Other URLs that matter?
- Stage Prometheus: https://prometheus.crcs02ue1.devshift.net/
- Prod Prometheus: https://prometheus.crcp01ue1.devshift.net/
How to update the dashboard?
The best way to work on the dashboard is to head to the stage grafana instance and open the Cloudigrade dashboard there. You'll be able to make and test all the changes you want, with one catch, you can not save your dashboard directly there. When you go to save you'll be presented with a JSON representation of the dashboard. Paste that JSON whole into grafana-dashboard-clouddot-insights-cloudigrade.configmap.yaml being careful not to break the ConfigMap formatting.
After the code is merged to master, it should automatically deploy to stage. To promote the dashboard from stage to production, update the ref here.
How do I make my dashboards not suck, any resources?
- Use thanos to test your PromQL queries
- Prometheus Querying Basics Docs
- A blog on counters
- Grafana Introduction to PromQL
- Official python prometheus client readme
Testing SRE/app-interface alerts
Although you cannot directly test an alert in the stage/prod environments, you must write unit tests for all alerts.
Note that running tests locally requires you to run the qontract-reconcile
server in one shell while calling qontract-cli
from another. Unfortunately, the server is not smart enough to detect changes to files while it's running. So, if you are actively developing a test, each time you save, you'll need to stop the server and make server
which rebuilds files and restarts the server. Yes, this is painfully slow. :shrug: If we can find a faster way to test, we'll update these notes.

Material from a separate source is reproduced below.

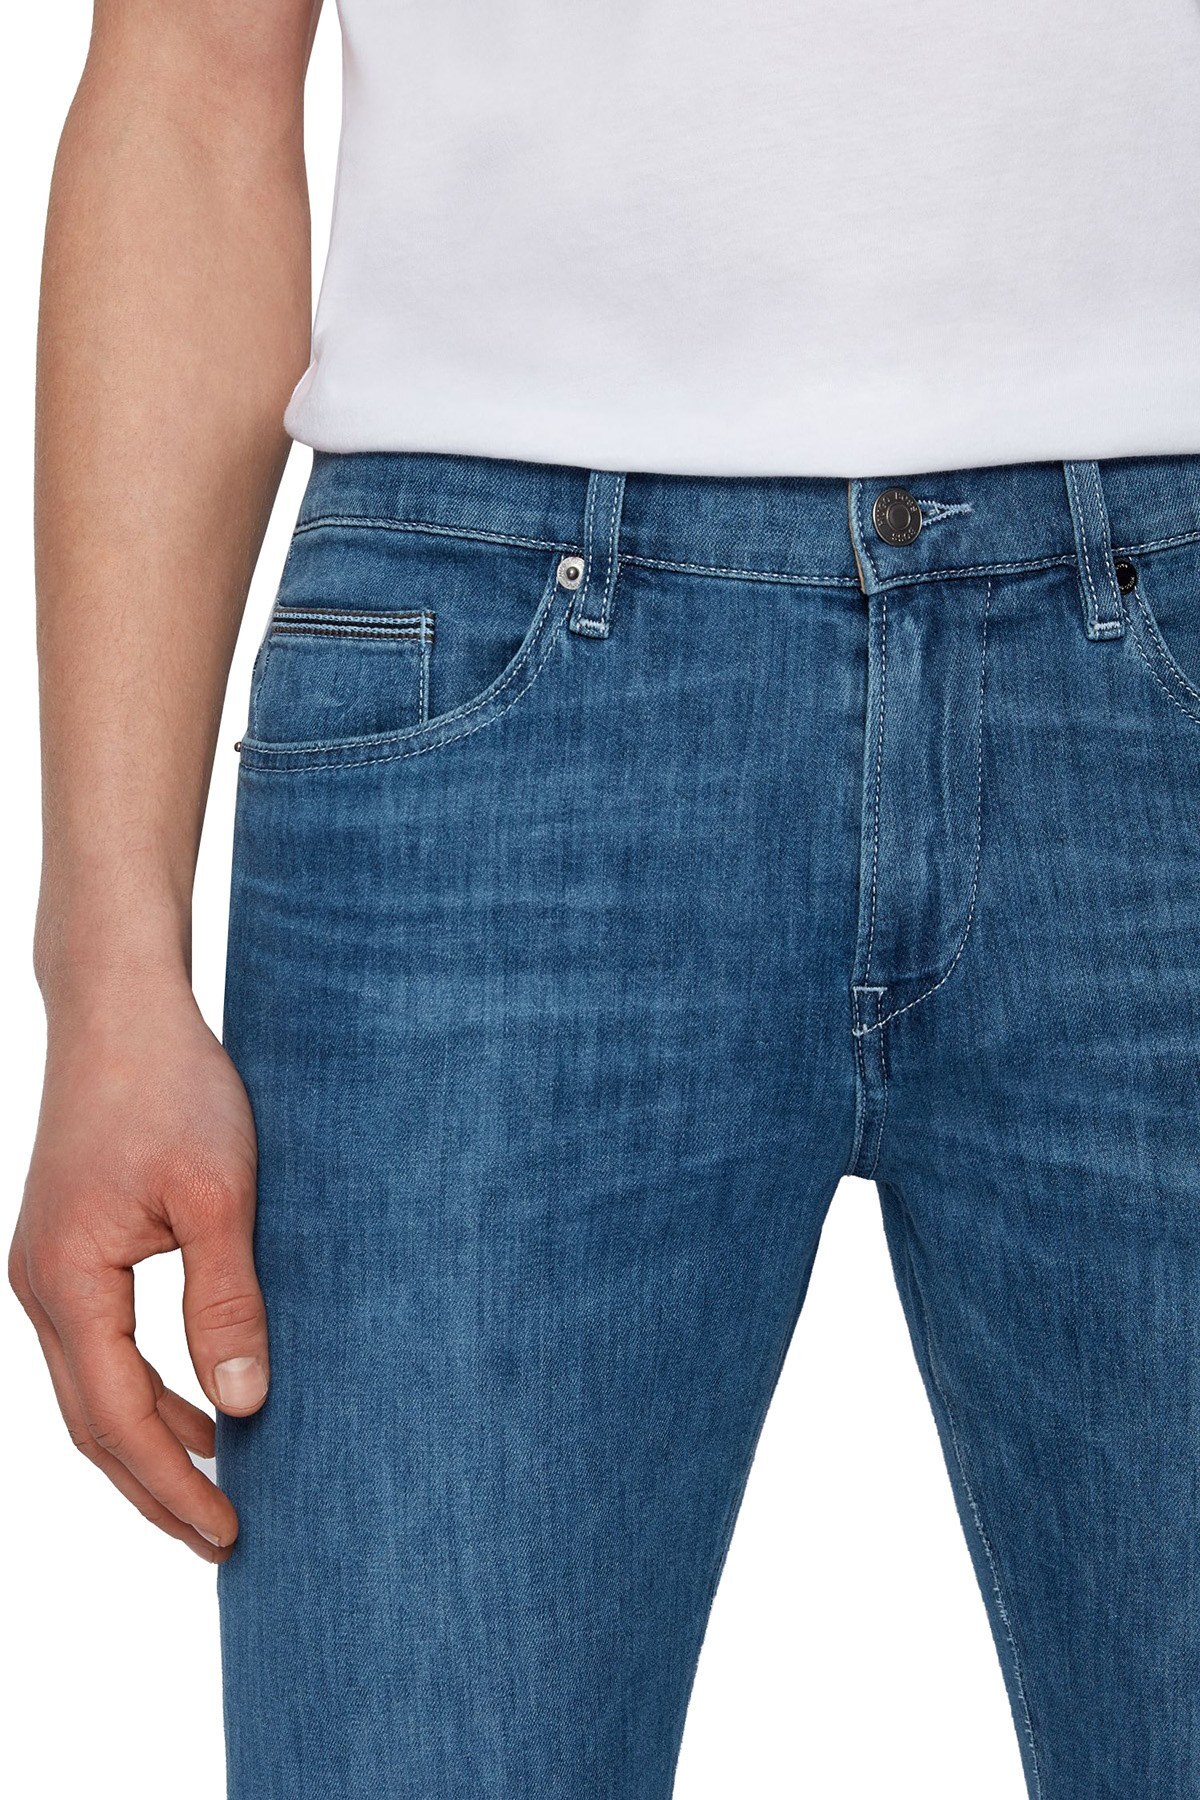 Hugo Boss Pamuklu Slim Fit Jeans Erkek Kot Pantolon 50449703 436 LACİVERT

The arguments for qontract-cli
are not entirely obvious. Here is one set of commands that should work:
$ qontract-cli --config config.promtool.toml run-prometheus-test -s config \
resources/insights-prod/cloudigrade-prod/cloudigrade.prometheusrules-test.yaml \
crcp01ue1
$ qontract-cli --config config.promtool.toml run-prometheus-test -s config \
resources/insights-stage/cloudigrade-stage/cloudigrade.prometheusrules-test.yaml \
crcs02ue1
Note that you need to specify which cluster (e.g. crcp01ue1
) the test would run in. This command doesn't actually call anything in the cluster; it's just data for the testing.